ESSENTIAL ELEMENTS OF THE GDPR
GDPR Principles. The GDPR provides that personal data shall be:(i) processed lawfully, fairly, and in a transparent manner; (ii) collected for specified, legitimate purposes and not further processed in a manner that is incompatible with those purposes; (iii) adequate, relevant, and limited to what is necessary in relation to the purposes for which they are processed; (iv) accurate and updated, where necessary; (v) kept in a form which permits identification of individuals for no longer than is necessary for the purposes for which the personal data are processed; and (vi) processed in a manner that ensures appropriate security of the personal data to maintain integrity and confidentiality. The GDPR also provides that organizations collecting and processing personal data shall be accountable for compliance with the foregoing principles.
The GDPR Applies to Personal Data and Sensitive Personal Data of Natural Persons. Personal Data is information relating to identified or identifiable individuals, including name, identification number, location, online identifier, or factors specific to physical, physiological, genetic, mental, economic, cultural, or social identity. Sensitive Personal Data includes data revealing racial or ethnic origin, political opinions, religious or philosophical beliefs, trade-union membership, health or sex life and sexual orientation, and genetic data or biometric data information. These are subject to additional protections and organizations need even stronger grounds to collect and process this data.
Lawful Bases for Processing Personal Data. Processing of personal data is lawful only if:
- the individual consents to data processing for one or more specific purposes;
- processing is necessary for entering into, or performing, a contract with the individual;
- processing is necessary to comply with a legal obligation under EU or Member State law (g., compliance with employment, social security, or social protection laws);
- processing is necessary to protect the life of a person who is incapable of giving consent;
- processing is necessary to perform tasks carried out by a public authority or private organization acting in the public interest; or
- processing is necessary for an organization’s legitimate interests or the legitimate interests of a third party.
Data Processors and Controllers. The GDPR applies to data Controllers and Processors. A Controller determines the purposes and means of collecting/processing/storing personal data. A Processor is responsible for processing personal data for or on behalf of a Controller and does not decide how the personal data will be used. All organizations are likely to process at least some personal data as Controllers, even if only in relation to their own employees.
Controllers are responsible for complying with all of the regulations in the GDPR in regard to the personal data that is processed on their behalf. This includes observing the principles of the GDPR, maintaining a lawful basis for processing personal data, ensuring that all the rights of the data subjects are protected, and establishing procedures for reporting breaches.

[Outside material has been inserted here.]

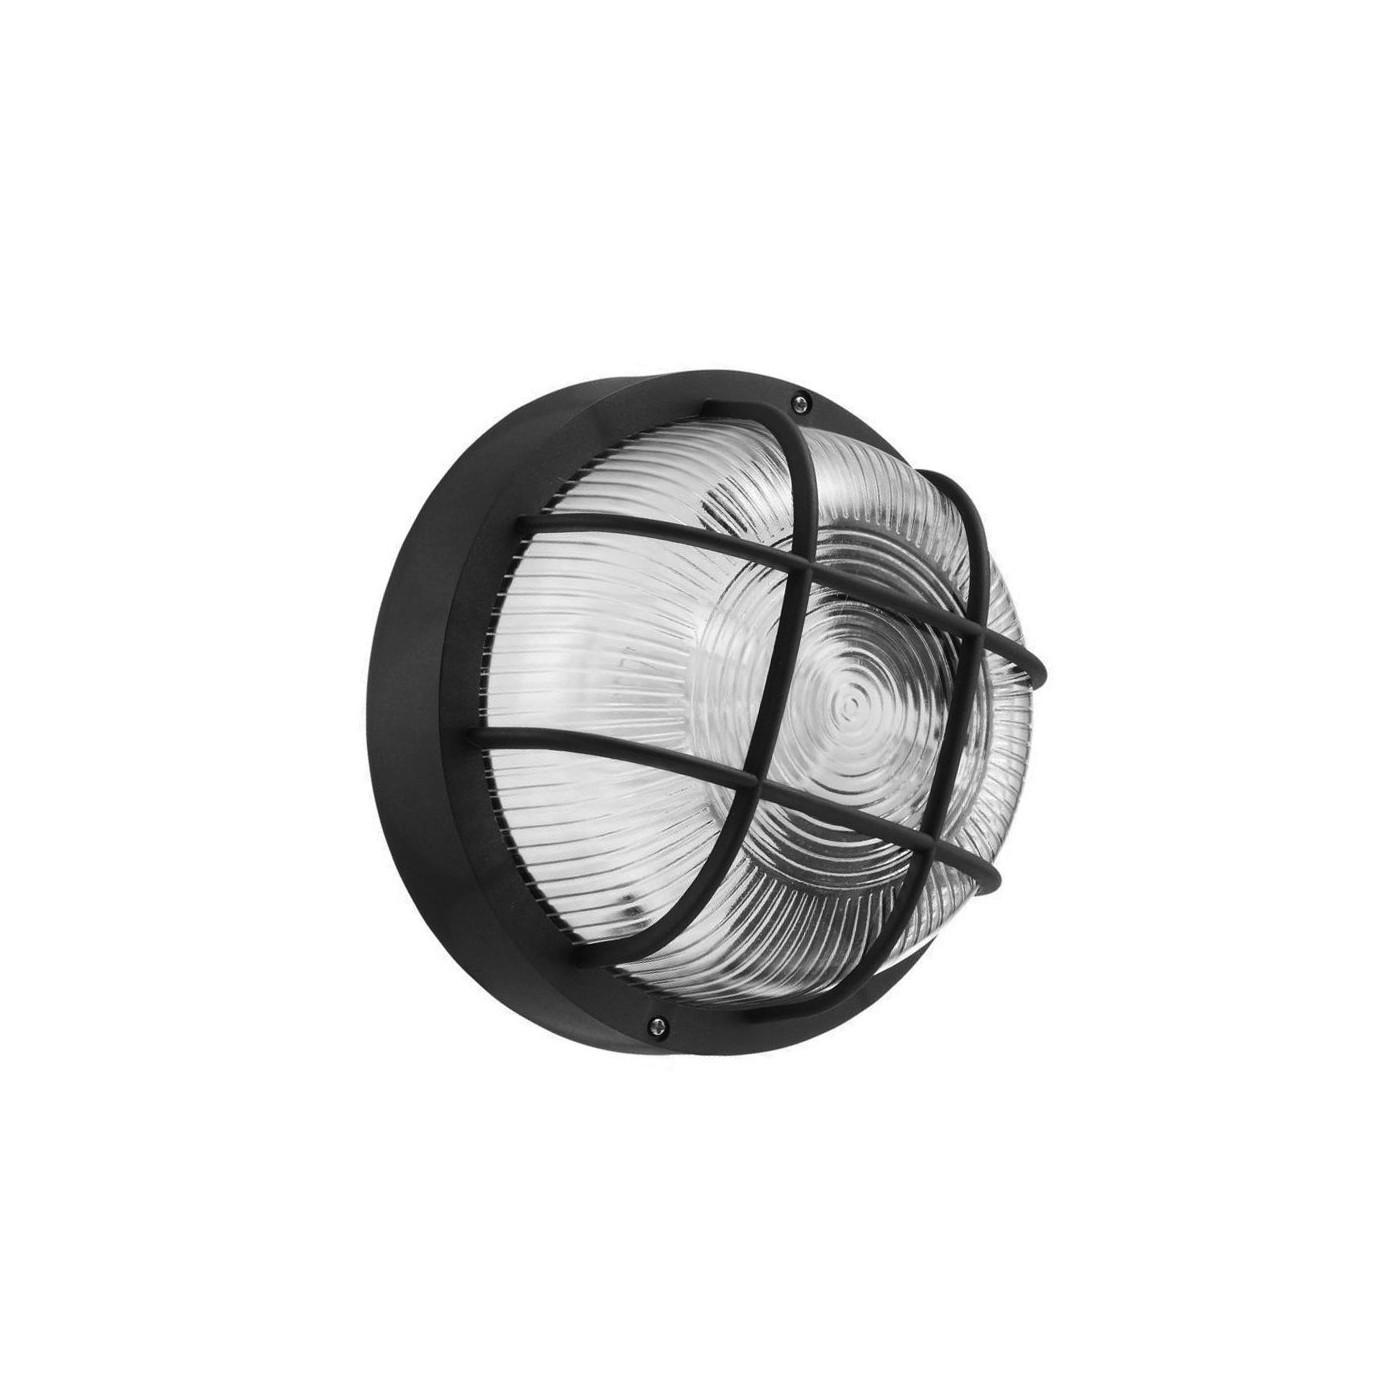 Runde Bullseye Lampe, Schwarz E27  - 1

Processors must:(i) identify the data processing activities for which they are Processors; (ii) maintain a written record of processing activities carried out on behalf of each Controller; and (iii) ensure that they have appropriate processes and templates in place for identifying, reviewing, and promptly reporting data breaches to the relevant Controller.
Satellite-based broadband providers are not subject to the GDPR when processing non-personal data of businesses or entities. However, the provision of broadband data and Internet access services directly to individual consumers will likely be subject to all the obligations of a Controller (e.g., to obtain the consent of users, to inform them of their rights, to ensure the accuracy of their data, etc.). In addition, third-party data processing agreements that facilitate the provision of multi-country, satellite-based services are likely to become more complex as Processors become more careful about agreement terms and the scope of the Controller’s contract rights.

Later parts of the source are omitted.